_ACTIVITY:_ From the first line to the last, copy the listing exactly and omit the pictures.

_GIVEN INFORMATION:_

[Start of Attachment]

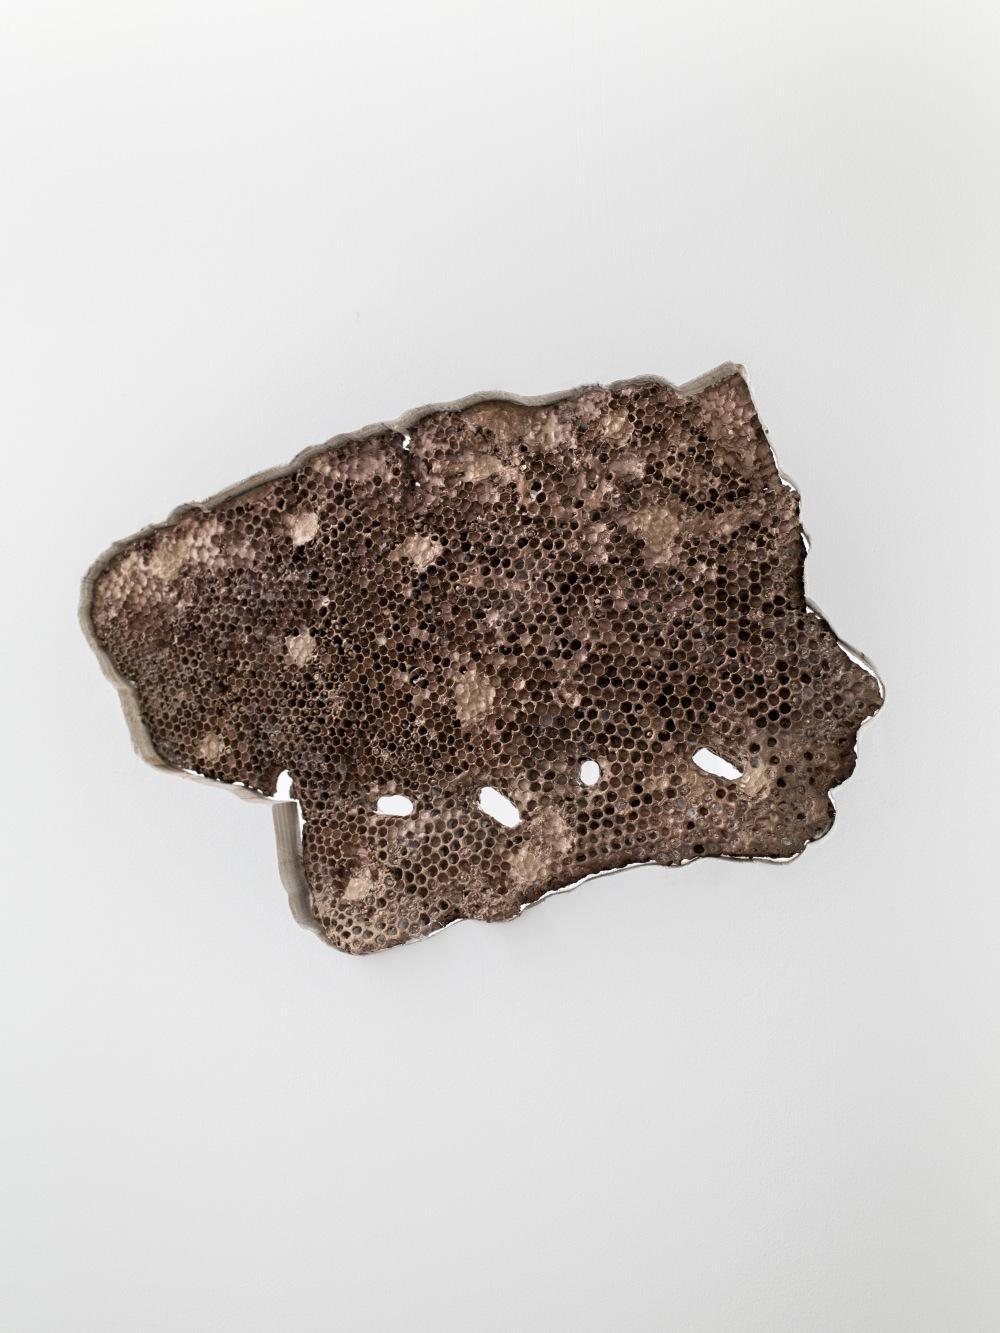 Simul et singulis, Lulu Nuti, bronze, 37x25x3 cm, 2019 © GALERIE CHLOE SALGADO
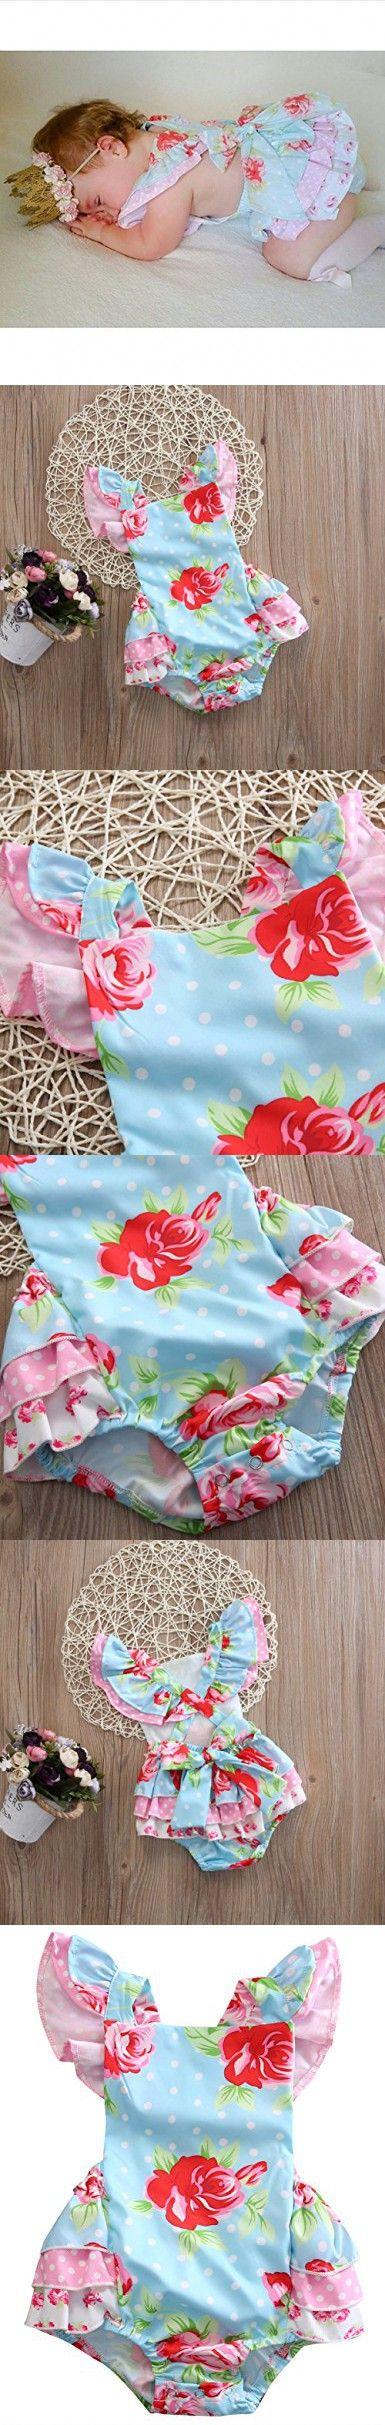 Baby Girls' Full Flower Print Buttons Ruffles Romper Bodysuit with Headband (80(6-12M), Blue(no headband))
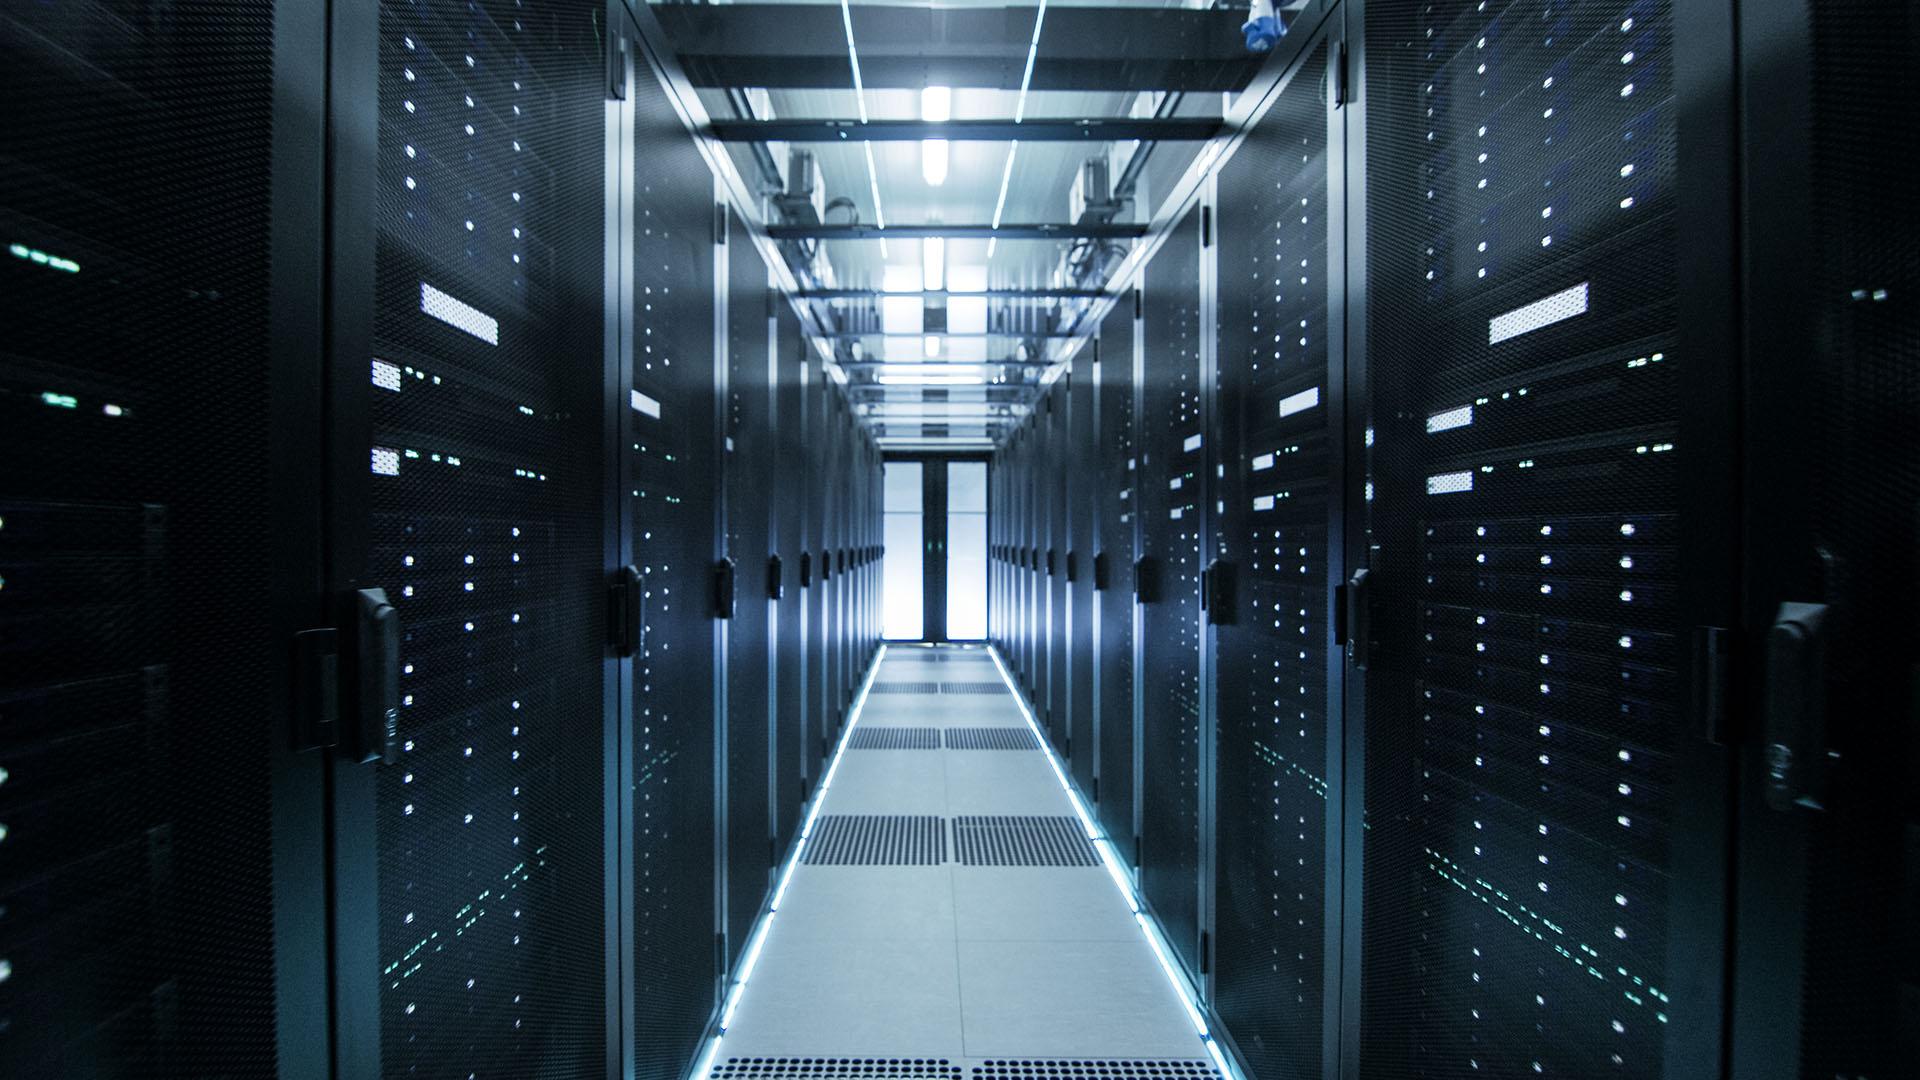 Developing digital infrastructure: The next frontier
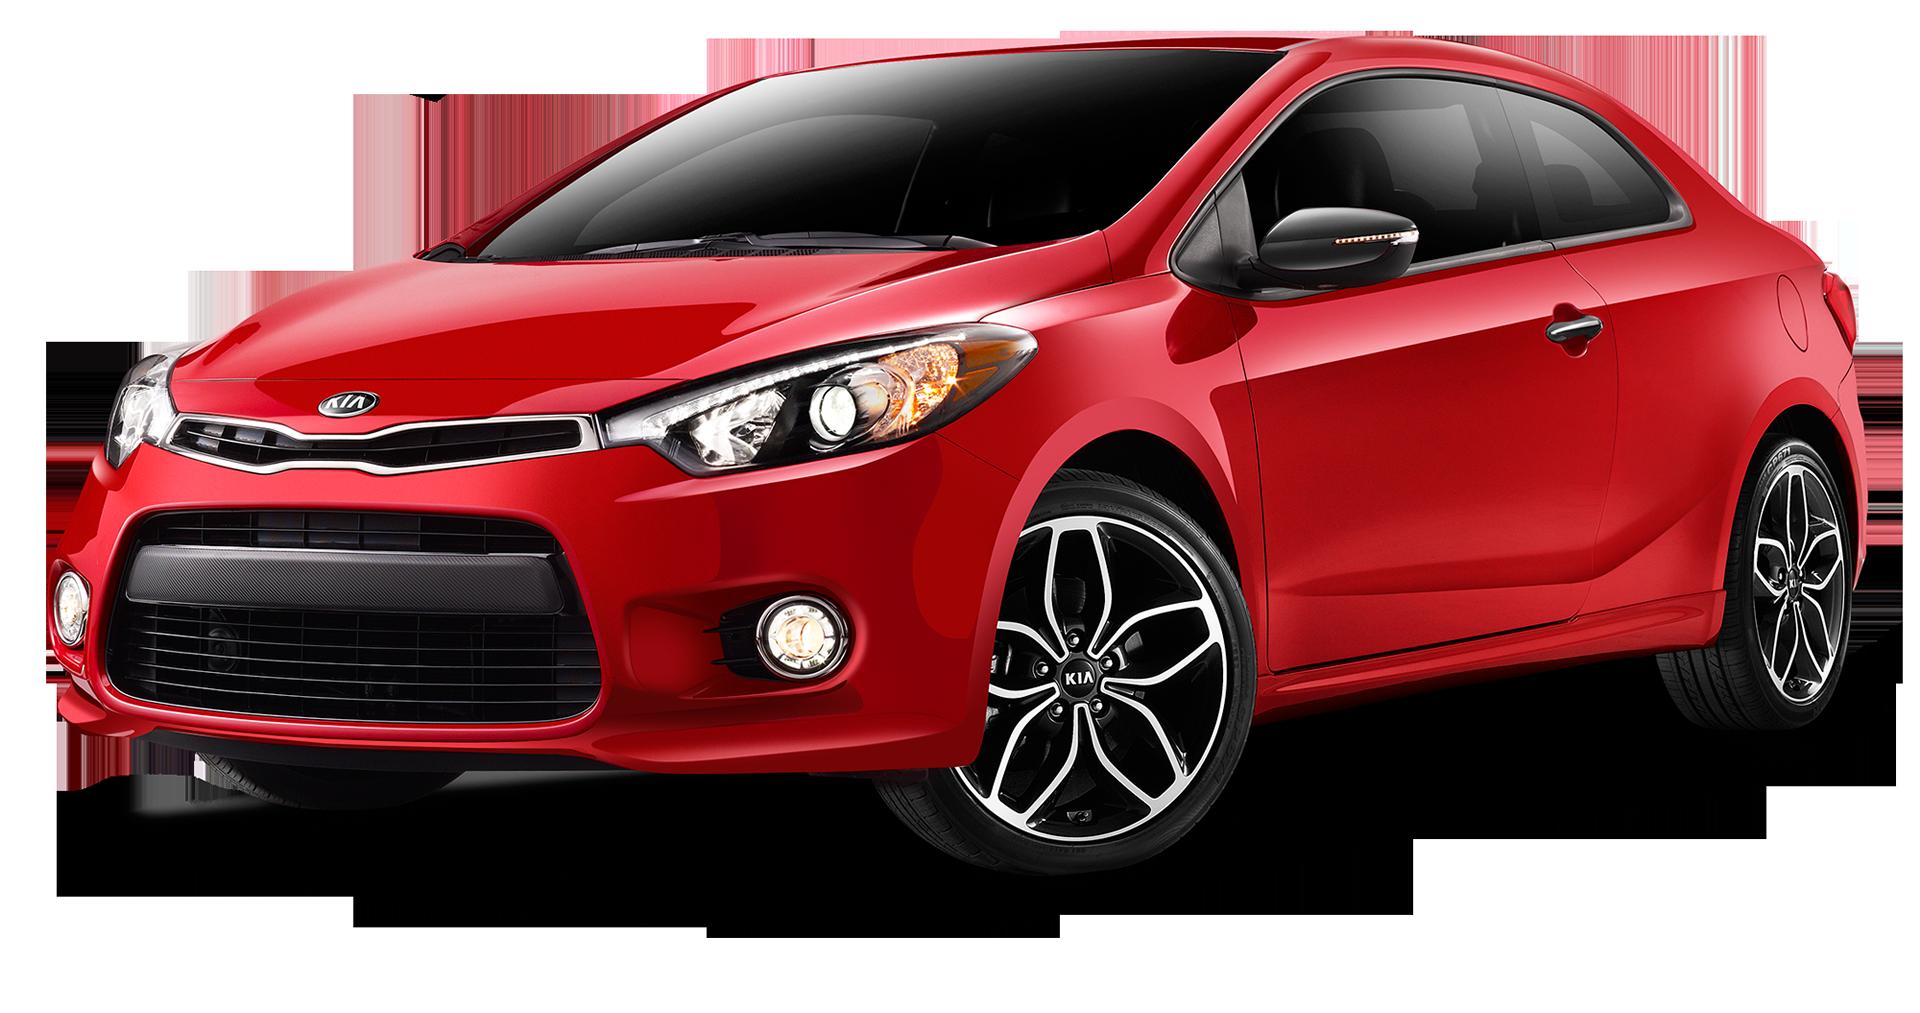 KIA cars PNG images free download, kia PNG.

[End of Attachment]

_EXERCISE SOLUTION:_
 Simul et singulis, Lulu Nuti, bronze, 37x25x3 cm, 2019 © GALERIE CHLOE SALGADO
 Baby Girls' Full Flower Print Buttons Ruffles Romper Bodysuit with Headband (80(6-12M), Blue(no headband))
 Developing digital infrastructure: The next frontier
 KIA cars PNG images free download, kia PNG.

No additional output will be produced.